I am trying to separate out data into rows, but without using split and reshape. Consider the following toy dataset.
Code:
* Example generated by -dataex-. For more info, type help dataex
clear
input float person_id str10 income
1 "10, 20, 50"
2 "35, 20"    
3 ""          
4 "40"        
5 "34, 24"    
end
I would like to separate out the income column using commas as delimiters, then get it into the following long form.
person_id income
1 10
1 20
1 50
2 35
2 20
4 40
5 34
5 24












Typically, I would run
Code:
split income, parse(,) generate(inc) destring
drop income
reshape long inc, i(person_id) j(obs_id)
drop if inc == .
drop obs_id
However, I am in a situation with lots of data (instead of five people, we have 800k observations, and instead of a maximum of three values to be separated out, we have up to 200). My attempts at applying the above method (using Stata MP, Version 16) to this large dataset have so far been futile (in the sense that the reshape runs for hours without finishing). I am wondering if there is a better (more memory-efficient) way to do this.

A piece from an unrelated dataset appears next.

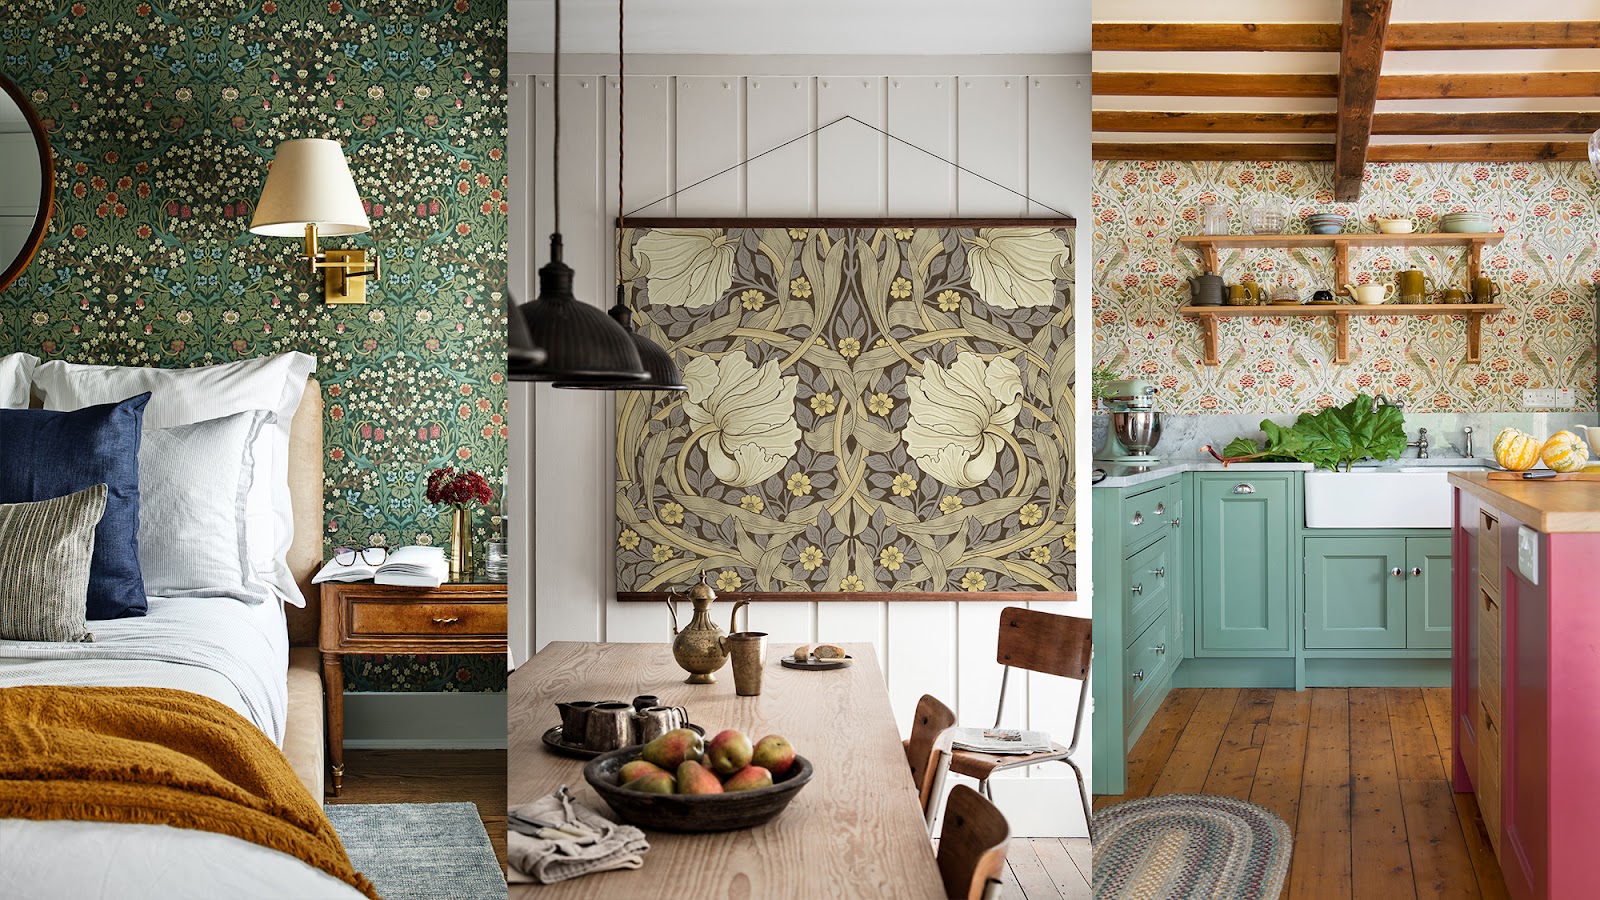 Get Ready for Top 15 Home Decor Trends Taking Over 2023- A Preview Guide
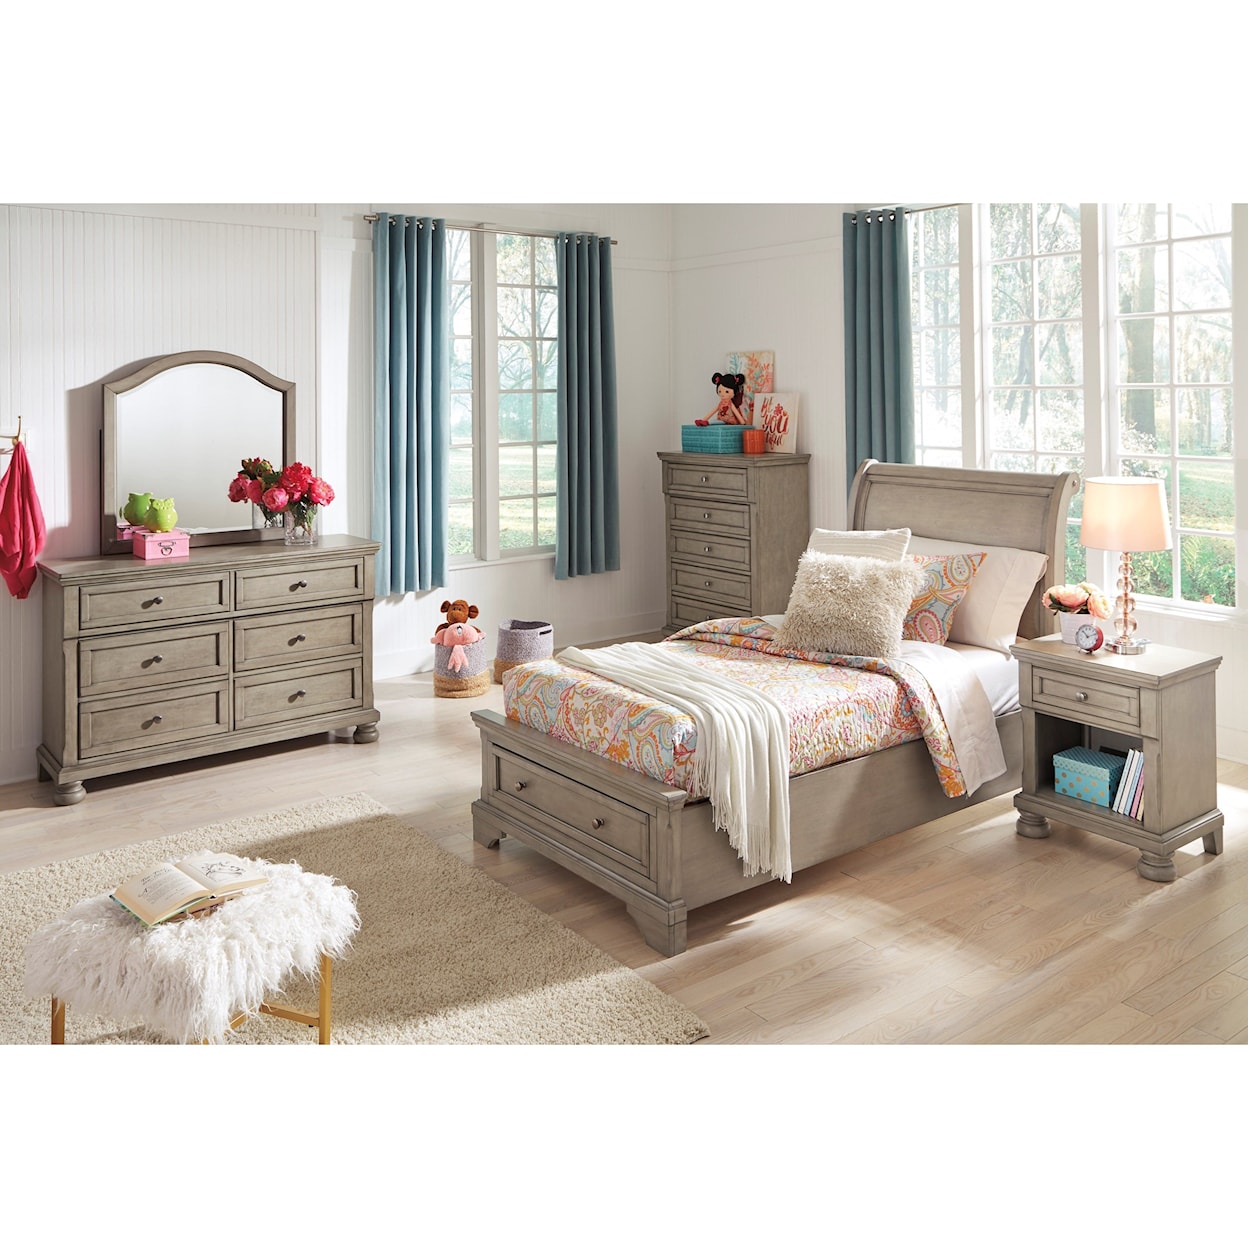 Signature Design by Ashley Lettner 6pc Full Bedroom Group

For example, can I directly split my income values into rows? Or, is there a way in which I can ignore missing values when doing reshape? In my full dataset, most observations have only a few values in the income column, so that inc200 is almost all missing values. So if there was some way to preemptively drop them during the reshape, I think that could work as well.

Open to any other suggestions! Thanks everyone.